Dr. Brian Day @DrBrianDay Twitter

  • Past President Canadian Medical Association
  • Past President Arthroscopy Association of North America
  • Honourary Associate Professor University of British Columbia
  • 2014 Doctors of BC Don Rix Leadership Award

Public sector unions should push for more private involvement

Nov 17, 2009

Vancouver Sun

By Brian Day

Let's be clear about what medicare is: The word has nothing to do with universal access. Medicare is simply the name of a method of paying for health care. No more, no less. There are other schemes that provide better care and coverage, to more people, at a lower cost in many countries around the world. If you count Taiwan, Kosovo and Vatican City, there are 195 countries in the world. Predictably, none have modelled their health systems on Canada's.

This is not surprising when one considers that last year, alongside 29 other countries with universal care, Canada ranked last in value for money. Politicization and prejudices have led to an impasse that has prevented necessary reforms in Canada. Debates and discussions have tended to degenerate into unhelpful confrontations between supporters of a near exclusively tax funded and government delivered care (for physician and hospital services) and others supporting options and choice.

Is there a way to break the deadlock that often degenerates into ideological arguments on the role of the private versus public sectors? Often we find the political left -- including most trade unions -- arguing against private-sector participation. Trade unions themselves are a mixed group but seem united on this issue. The paradox is that their attitudes and philosophies are reducing job opportunities for their members.

It is an undeniable fact that Canada's health system is in a serious fiscal crisis. Health spending is increasing at many times the rate of inflation. As patients suffer on waiting lists, more and more money (90 per cent of new spending) is channeled into health care, with minimal evidence of improved productivity or performance. At the same time, governments have returned to positions of debt and deficits.

Unions face reduced membership, influence, and even relevance. In the past, especially in the late 19th and early 20th century, they had to defend the rights of their members against industrial bullies, but nowadays many of those rights are protected by law. It is still their role to negotiate higher wages and benefits for their members. However, in sectors where there is a shortage of labour -- such as in the health professions -- the restriction of market influences hurts their members. I saw this in the 1990s, when our Cambie Surgery Centre opened. We introduced a 25-per-cent higher starting wage scale for nurses, and the unions used that figure to leverage public sector wages. As our health system adapts to modern times, so must unions revisit some of their traditional beliefs and prejudices.
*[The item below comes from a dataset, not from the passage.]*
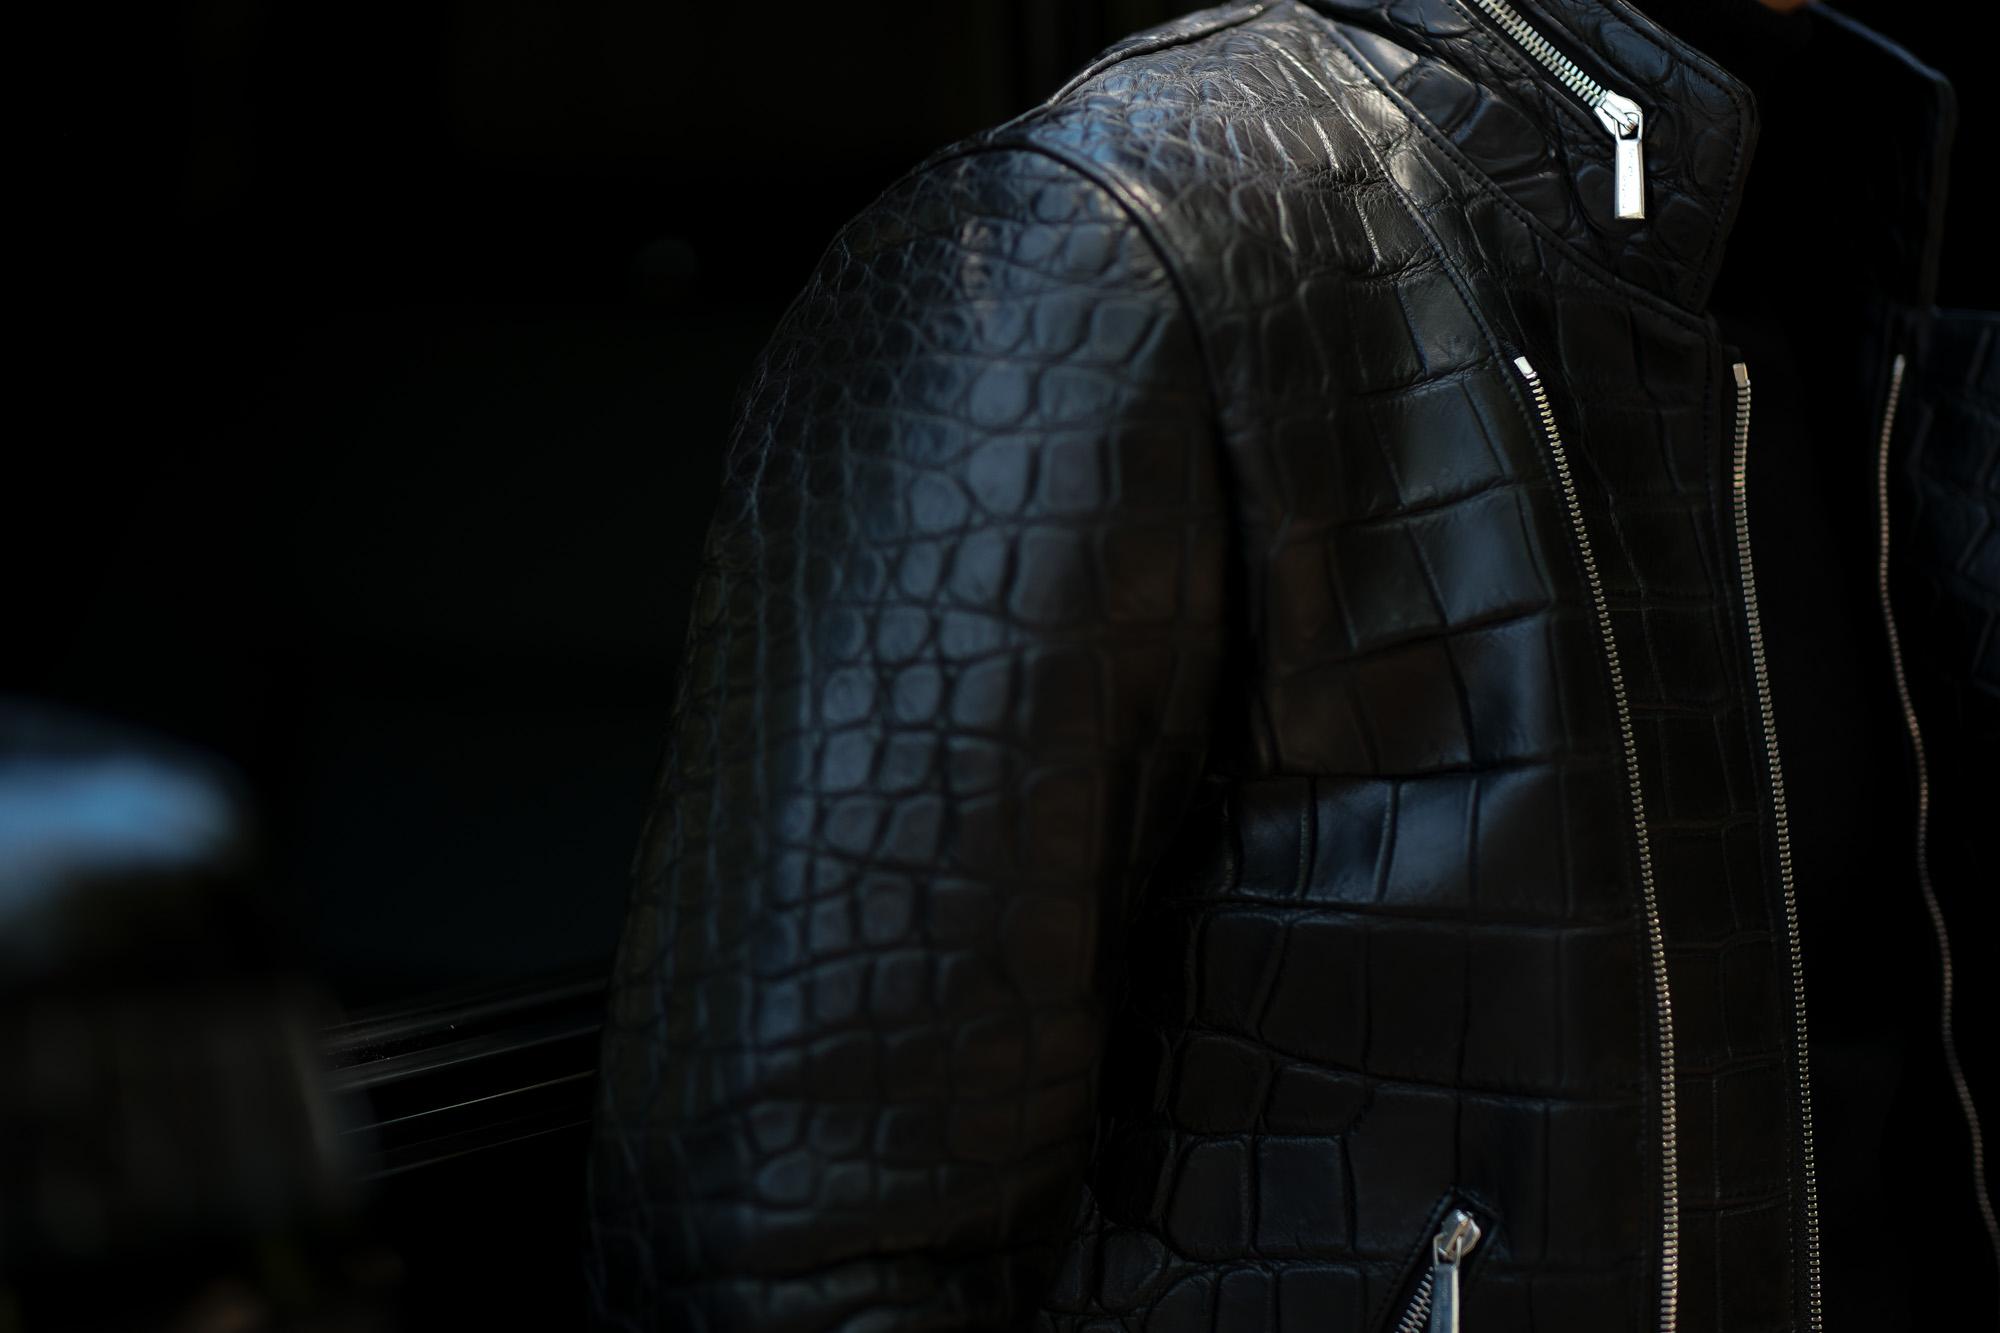 Georges de Patricia (ジョルジュ ド パトリシア) Huracan Porosus Crocodile(ウラカン ポロサス クロコダイル) 925 STERLING SILVER (925 スターリングシルバー) Porosus Crocodile ポロサス クロコダイル エキゾチックレザー ダブルライダース ジャケット NOIR (ブラック) 2019 秋冬 【Speicial Model】【ご予約受付中】愛知 名古屋 alto e diritto アルトエデリット

Rationing is forcing the exodus of doctors (especially in my specialty) and nurses. In a Canadian study, 79 per cent of new graduating nurses wanted full time work, yet less than half were employed. The private sector will expand capacity, create more jobs with better wages, and lead to improved benefits. While private sector unions have always had to understand and support the importance of productivity and performance in their industry, public sector unions have sometimes perceived that they are shielded and protected from economic forces. Neither the unions nor any political party can hide from the reality that medicine is subject to the laws of economics.

One of the largest private health corporations in Canada (Interhealth Canada) has pioneered private-sector health care abroad. It has been involved in recruiting Canadian health workers to leave Canada. Its founding CEO is a former NDP provincial cabinet minister and founding shareholders included several NDP governments, as well as the largest provincial nursing association in Canada. The benefit packages enjoyed by most unionized workers in Canada include private (I call it "two-tier") insurance and the biggest beneficiaries of expedited care and medical queue jumping in B.C. are unionized workers.

Many consider education to be an even more important social program than health care. Education has taught us that a hybrid system can work in Canada, as parents with children in private schools continue to support and fund the public system through taxation. The added resources boost the education system as a whole. Experience in countries with better universal health systems than ours (such as Switzerland, Austria, Belgium, Germany, France and Holland) illustrate that the same hybrid model will work for health care. It's time for all trade unions and all political parties to openly endorse such reform.

Dr. Brian Day is a Vancouver-based orthopedic surgeon, who served as president of the Canadian Medical Association, 2007-2008.

He is the founder and medical director of the Cambie Surgery Centre.